Hiroaki Yutani

Posted on Jan 24

How it feels to write a GPKG library in 2026 (in Rust!)

#geospatial #rust

There are a lot of existing libraries to deal with GeoPackage (GPKG). GDAL is the undisputed champion of the geospatial world. If your target is web browsers, there is GeoPackage JS. Rust? We have gpkg-rs! But, unfortunately, sometimes you still have to write your own one for various reasons.

In my case, the main reason was WebAssembly support.
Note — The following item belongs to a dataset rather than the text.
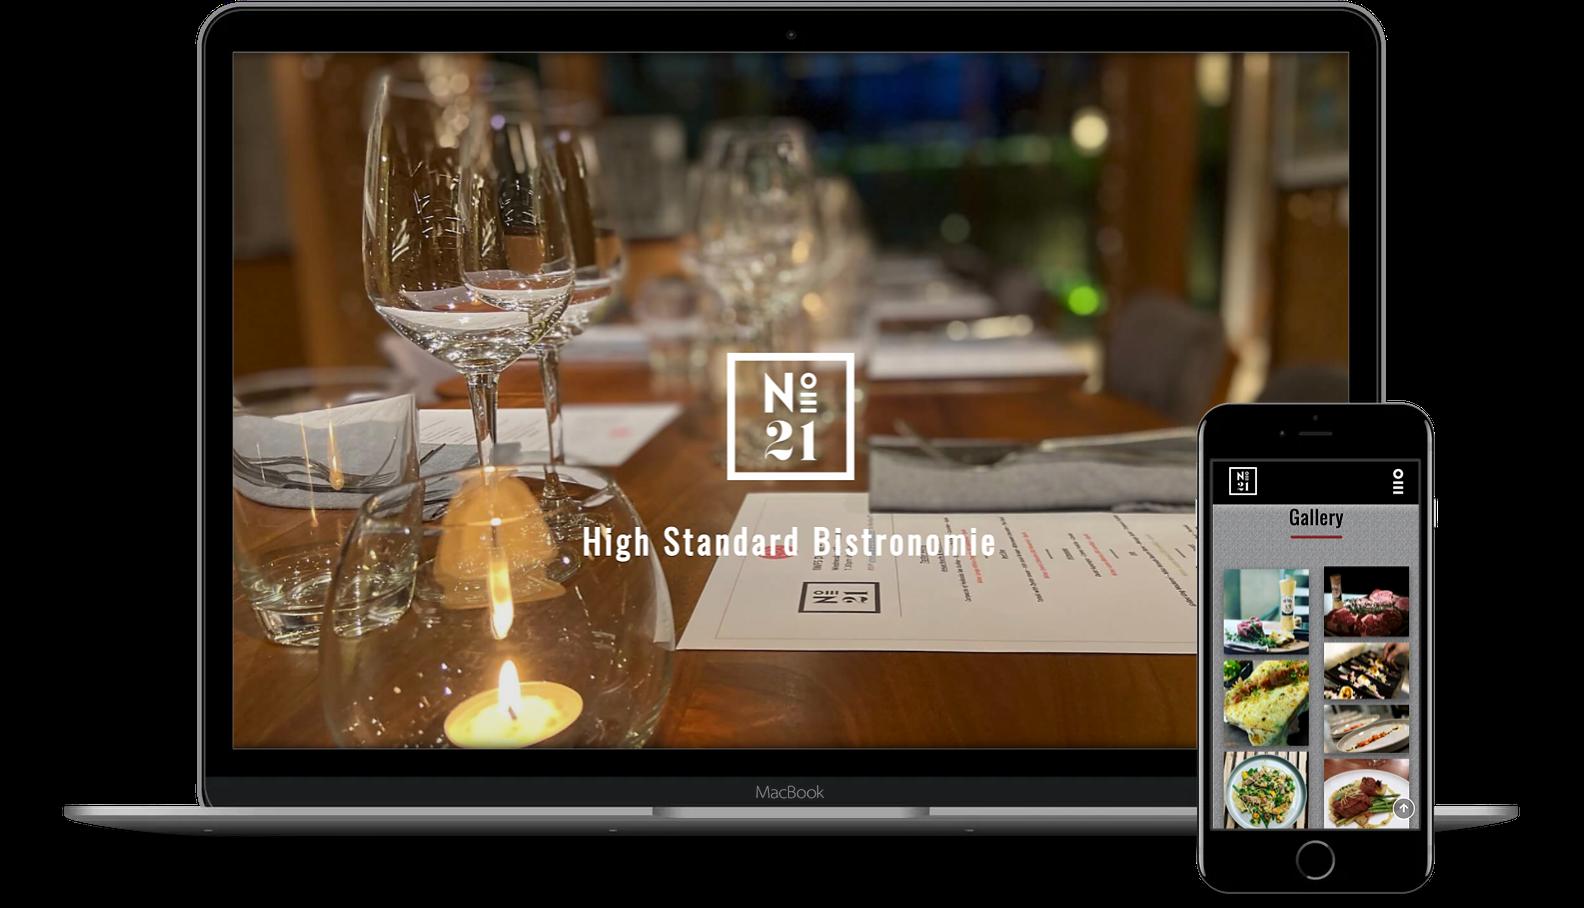 Full-Stack Web Developer - projects - N21 restaurant

I'm building a browser-side converter for Japanese geospatial data, which converts Shapefiles to GeoParquet and GeoJSON. To add GPKG to that list, I needed some Rust crate for this, but, gpkg-rs doesn't support Wasm.

repository: https://github.com/yutannihilation/ksj2gp

To be fair, it's not gpkg-rs's fault. Only last year did rusqlite, the underlying crate for handling SQLite, gain Wasm support, while gpkg-rs was implemented several years ago.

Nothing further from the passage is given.